Elena - I'm doing a bit of research around this topic and it seems to me that today's society denies death. There is no room for death, everyone wants to see you well because the bad is no longer shared. Pre-Columbian cultures, like mine in Peru, have a way of grieving, shaping pain and celebrating life. But it is something that we are losing, probably through migrations. I am from Lima, my parents are too, but my grandparents are not. It is not known how many rituals we have already lost because the migrant community could not preserve them because they were discriminated against. There are people who migrate from the Andes, the region here in Peru, who preserve deeply healing rituals of celebration. The rituals that allow you to talk about life, death and pain, as a community and provide support at that time. But in general I would say that here in Peru there is an ambivalence and a struggle between the new generations that do not contribute to that legacy and the older people who do. This is perhaps because of ignorance and the fact that death is not something that is shared, hence a taboo is created. People do not talk about pain, despite the fact that we are a very resilient society which has experienced a deep and eternal grief due to terrorism, people who disappeared and so many other situations that also create a community grief.

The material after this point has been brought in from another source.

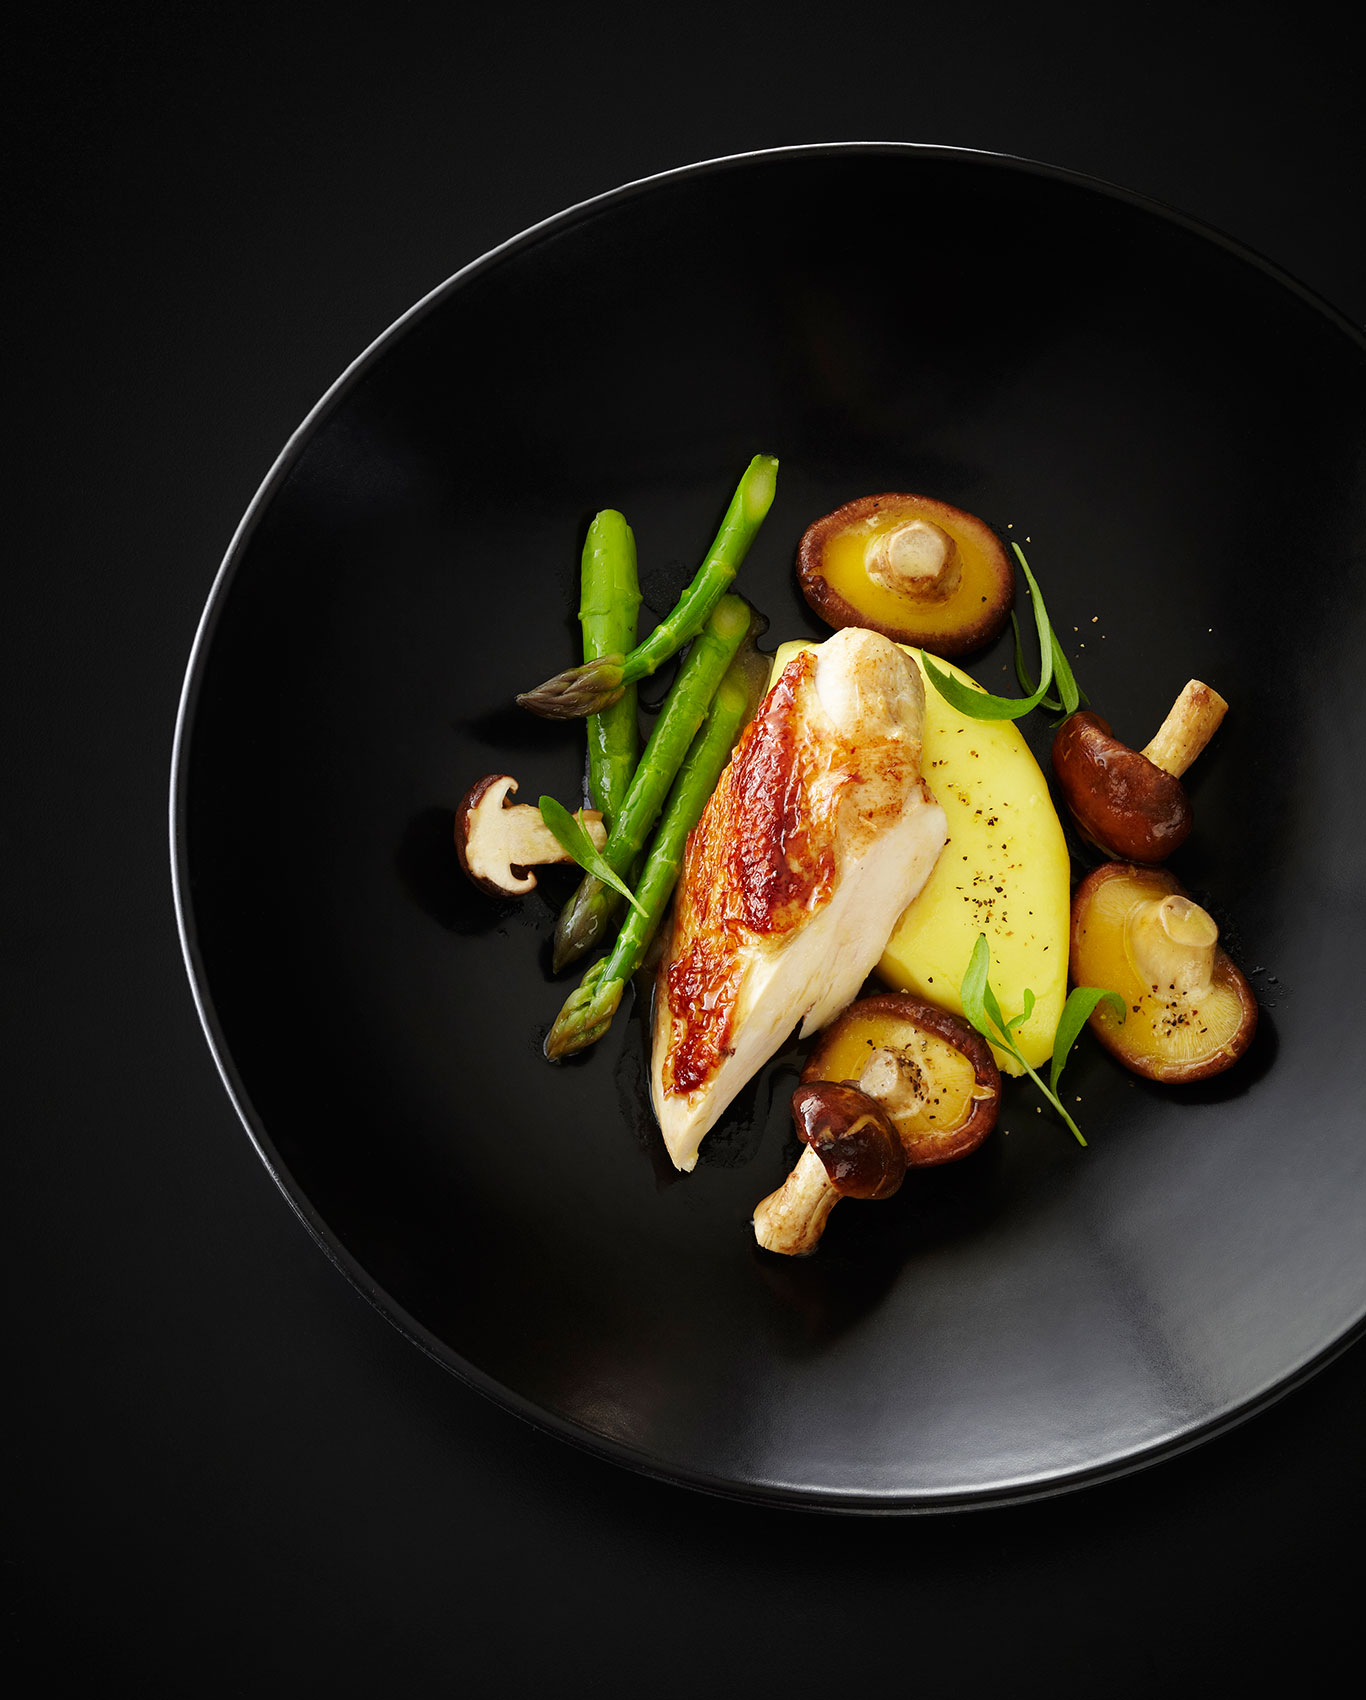 Southon Cooking • The Foodstore Roast Brined Chicken with Asparagus & Mushrooms • Hospitality & Editorial Food Photography
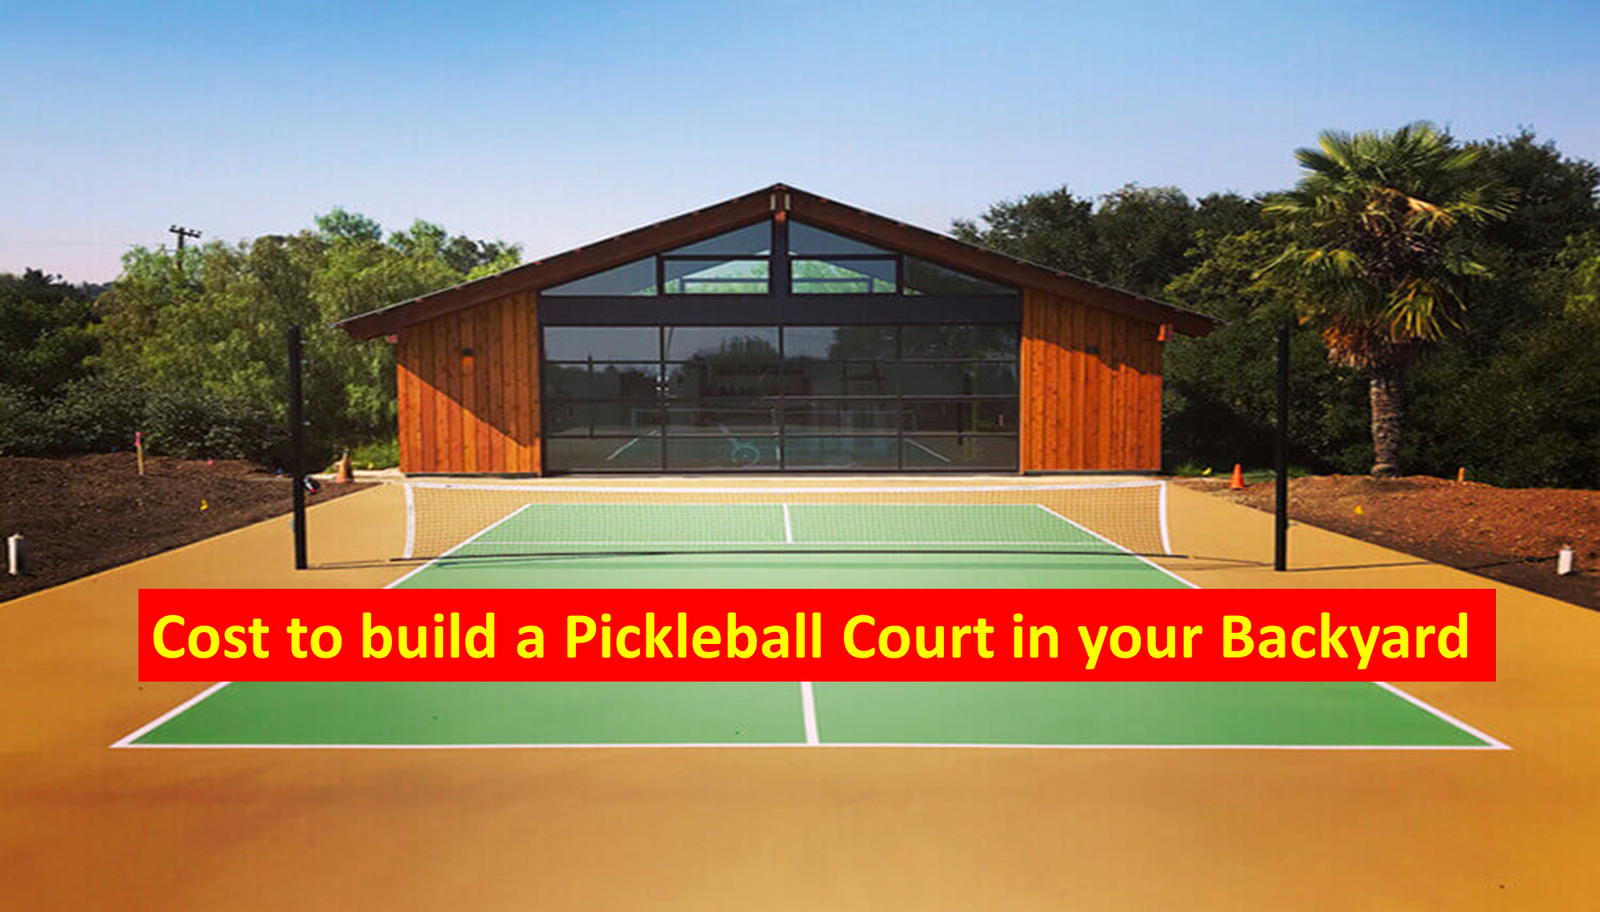 Cost to build a Pickleball Court in your Backyard

Kasia - You said that accompanying and talking to people who are dying is a privilege because you can learn so much from them. What did you learn from your conversations and what do you remember most about them?
Elena - I think the most I can remember is when people I speak to review their life and are left with the idea that we have to be grateful for everything that happens to us. There is no bad experience from which we cannot learn or get something positive that has connected you with a part of you that you did not know. When people tell me about their life in which so many difficult things have happened to them, I sometimes ask: 'but what pushed you to keep going?', because I see that sometimes they don't realize how strong they had been.
It also seems to me, I don't know exactly why or by whom, that we are all connected. All emotions, no matter how hard they seem or how emotional you are, we all deal with them in the same way. Pain is a unique experience for everyone and at the end of life a kind of special lucidity about your life reaches you as if you recently realized the experience of being alive. But not only to go through your life, but to be aware that life is here and that we do not know how long it will last. I also believe that there are things that we should always say when we say goodbye. We cannot expect to be in a difficult situation because at the end of our life it really matters how much you have loved and have been loved. And it is what people stay with. Sure, the fear of death appears in these conversations but it is definitely worth doing this work of gratitude.
Kasia - I realize by running this project that talking about death is actually talking about life.
Elena - Actually, the thanatologist's job has not so much to do with death, but rather what a person ends up being at the end of life. It is a process of reconciling with a biography. Do you know what the hardest thing is at the end of life? That someone has never asked themselves who they were and what they were here for. They spent their life working but never knew what they liked to do and what they were good at.
Translated from Spanish by Kasia Borowczak
Corrected by Jen Fearnley
Elena Sipan Moscoso
I am a publicist, communicator, humanistic counselor working in Carl Rogers's person-centered approach, thanatologist, and grief therapist. I work as Director of Thanatology, Grief and Mourning at the Elisabeth Kübler-Ross Peru Foundation.
I am also a teacher, workshop leader and blogger of the Facebook page 'The elephant in the room', where I share tools and reflections on everyday thanatology. This project also aims to be an online space, in times when we are physically separated but need to be heard.
The main definition of my profession is communication. My job is to facilitate people's communication with themselves and with others.